Installation & Configuration

🚀 Quick Start (PyPI)

# Using uv (recommended, faster)
uv venv ~/ragdex_env
uv pip install ragdex

# Or standard pip
python -m venv ~/ragdex_env
source ~/ragdex_env/bin/activate
pip install ragdex

# With optional extras
pip install ragdex[document-processing,services]

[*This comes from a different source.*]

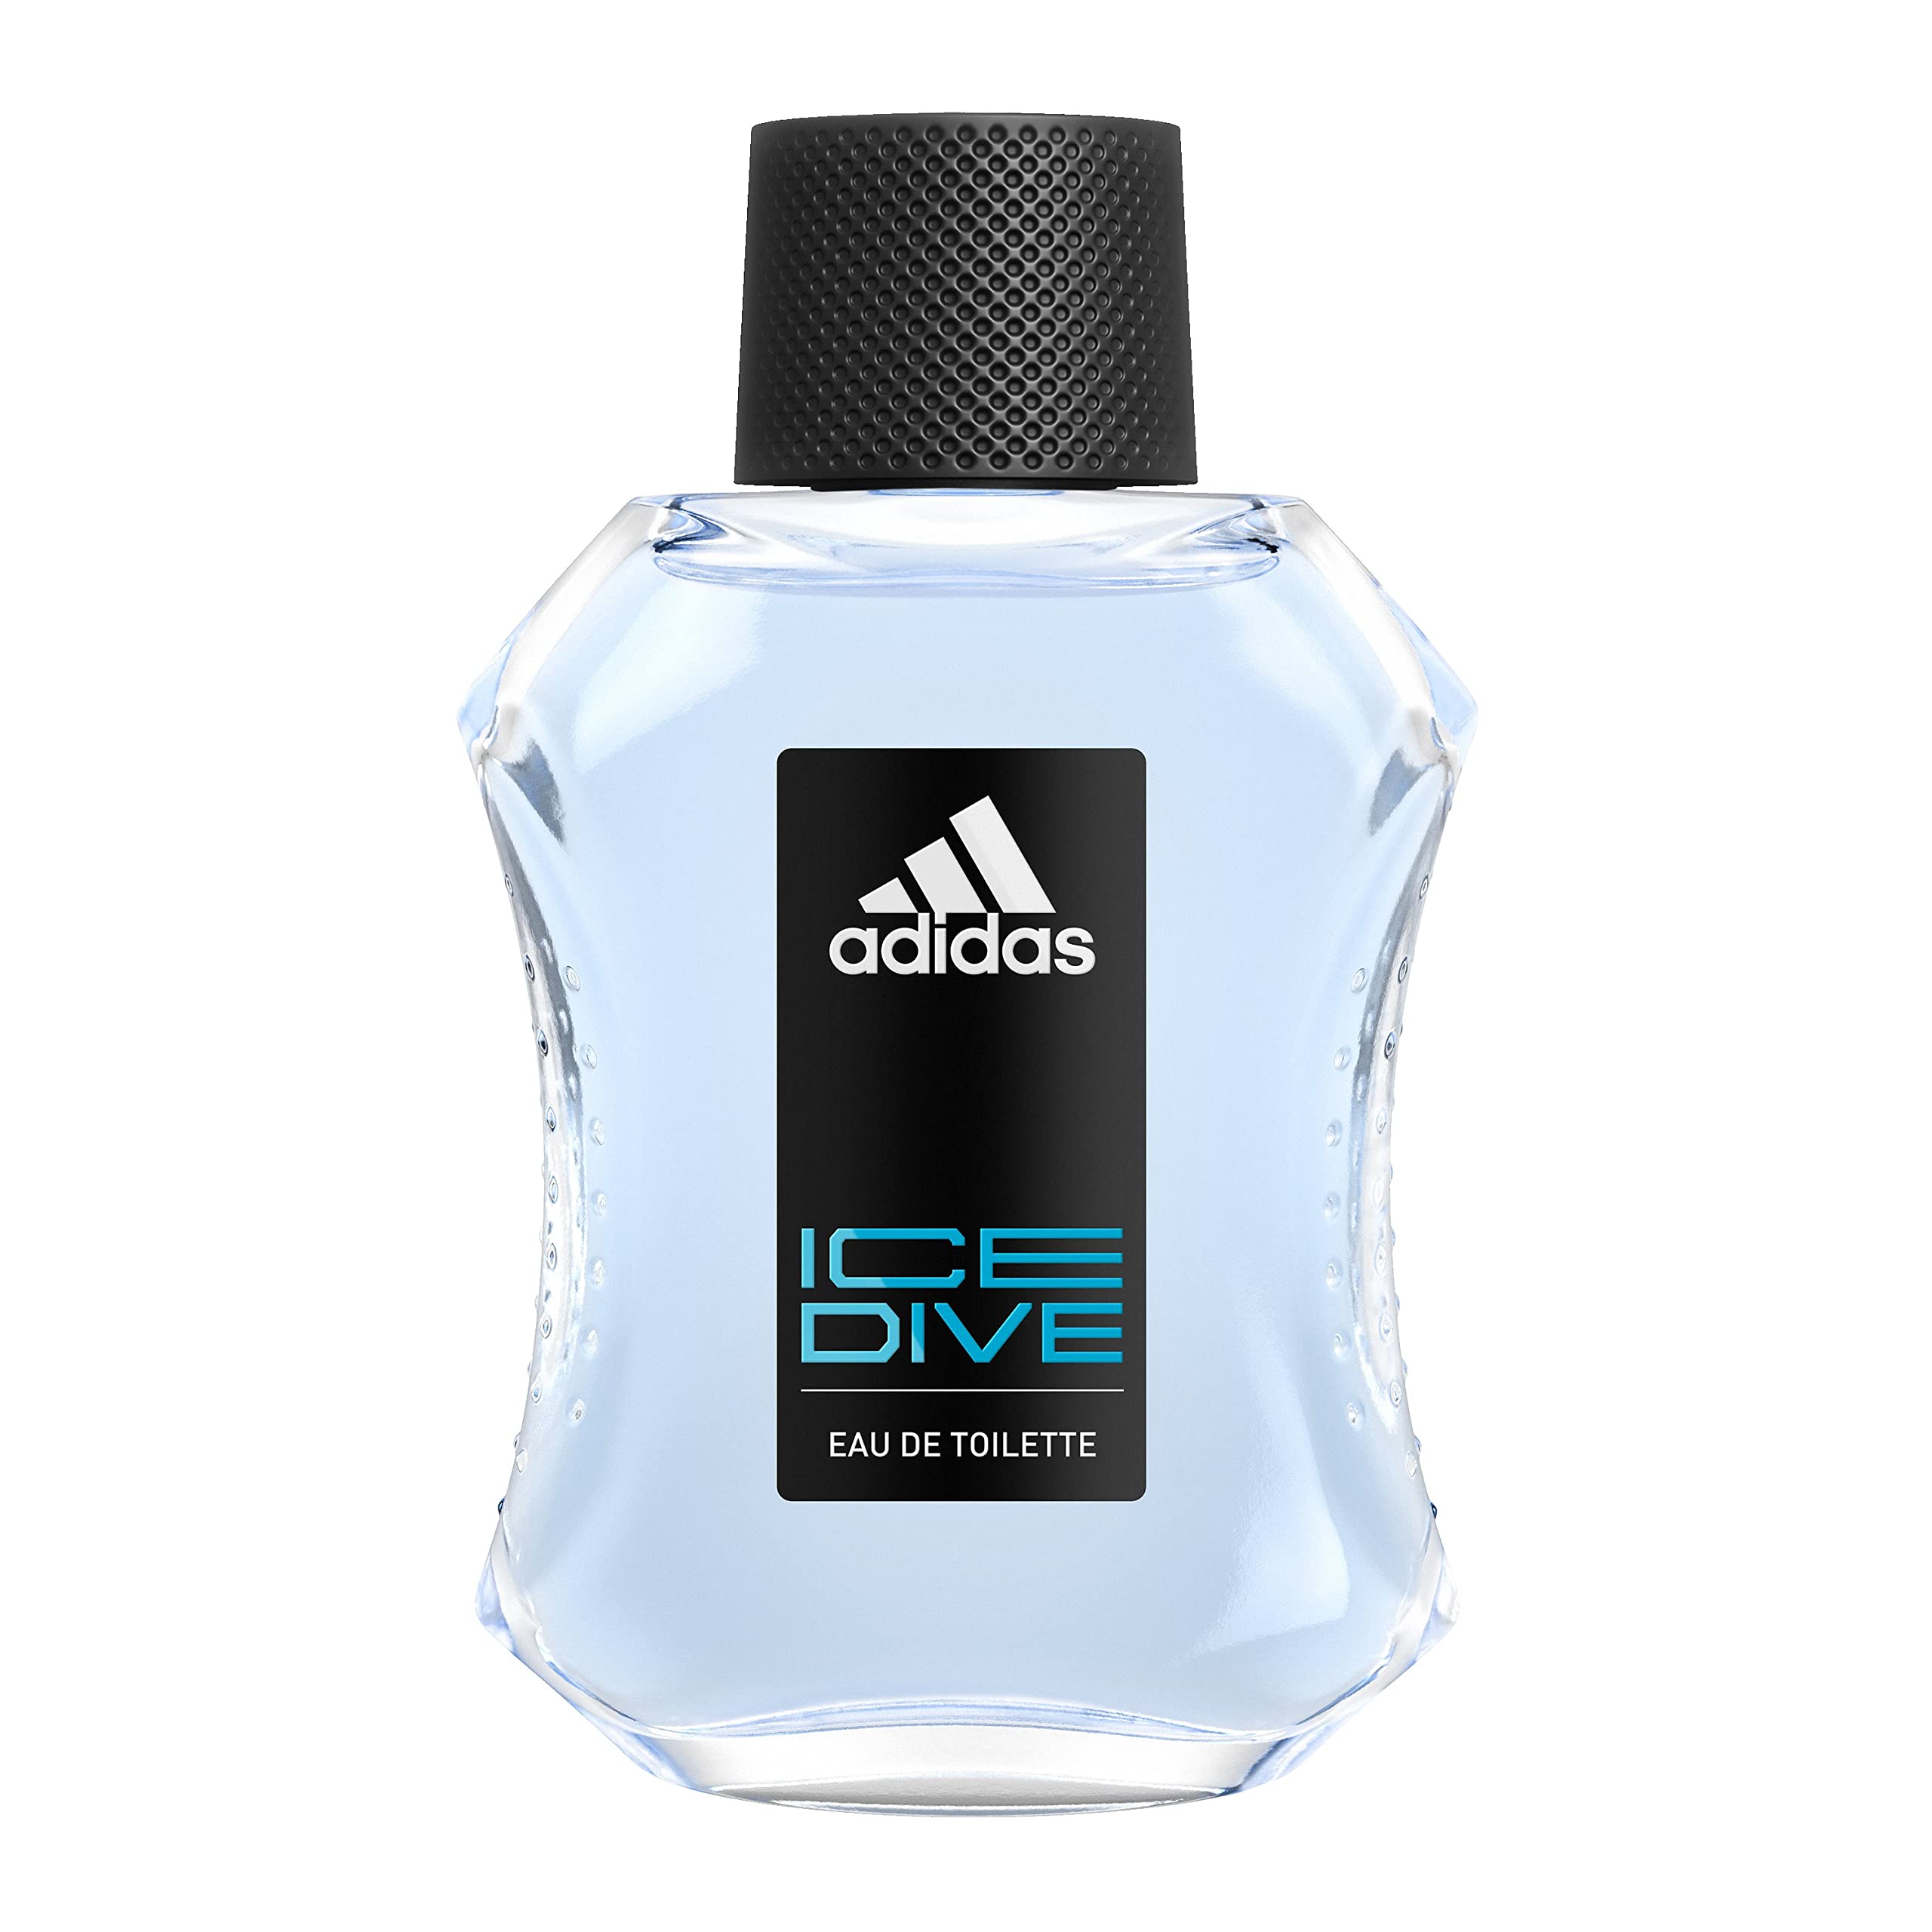 adidas Ice Dive Eau De Toilette Spray for Men, 3.4 fl oz

📦 Development Installation

# Clone repository
git clone https://github.com/hpoliset/ragdex
cd ragdex

# Install in editable mode
pip install -e .

# Or with extras
pip install -e ".[document-processing,services]"

# Use CLI commands
ragdex --help
ragdex-mcp          # Start MCP server
ragdex-index        # Start indexer
ragdex-web          # Start web dashboard

⚙️ Claude Desktop Configuration

Location: ~/Library/Application Support/Claude/claude_desktop_config.json

{
  "mcpServers": {
    "ragdex": {
      "command": "/Users/YOUR_USERNAME/ragdex_env/bin/ragdex-mcp",
      "env": {
        "PYTHONUNBUFFERED": "1",
        "CHROMA_TELEMETRY": "false",
        "PERSONAL_LIBRARY_DOC_PATH": "/path/to/documents",
        "PERSONAL_LIBRARY_DB_PATH": "/path/to/database",
        "PERSONAL_LIBRARY_LOGS_PATH": "/path/to/logs"
      }
    }
  }
}

🔧 Environment Variables

# Core paths
export PERSONAL_LIBRARY_DOC_PATH="/path/to/documents"
export PERSONAL_LIBRARY_DB_PATH="/path/to/database"
export PERSONAL_LIBRARY_LOGS_PATH="/path/to/logs"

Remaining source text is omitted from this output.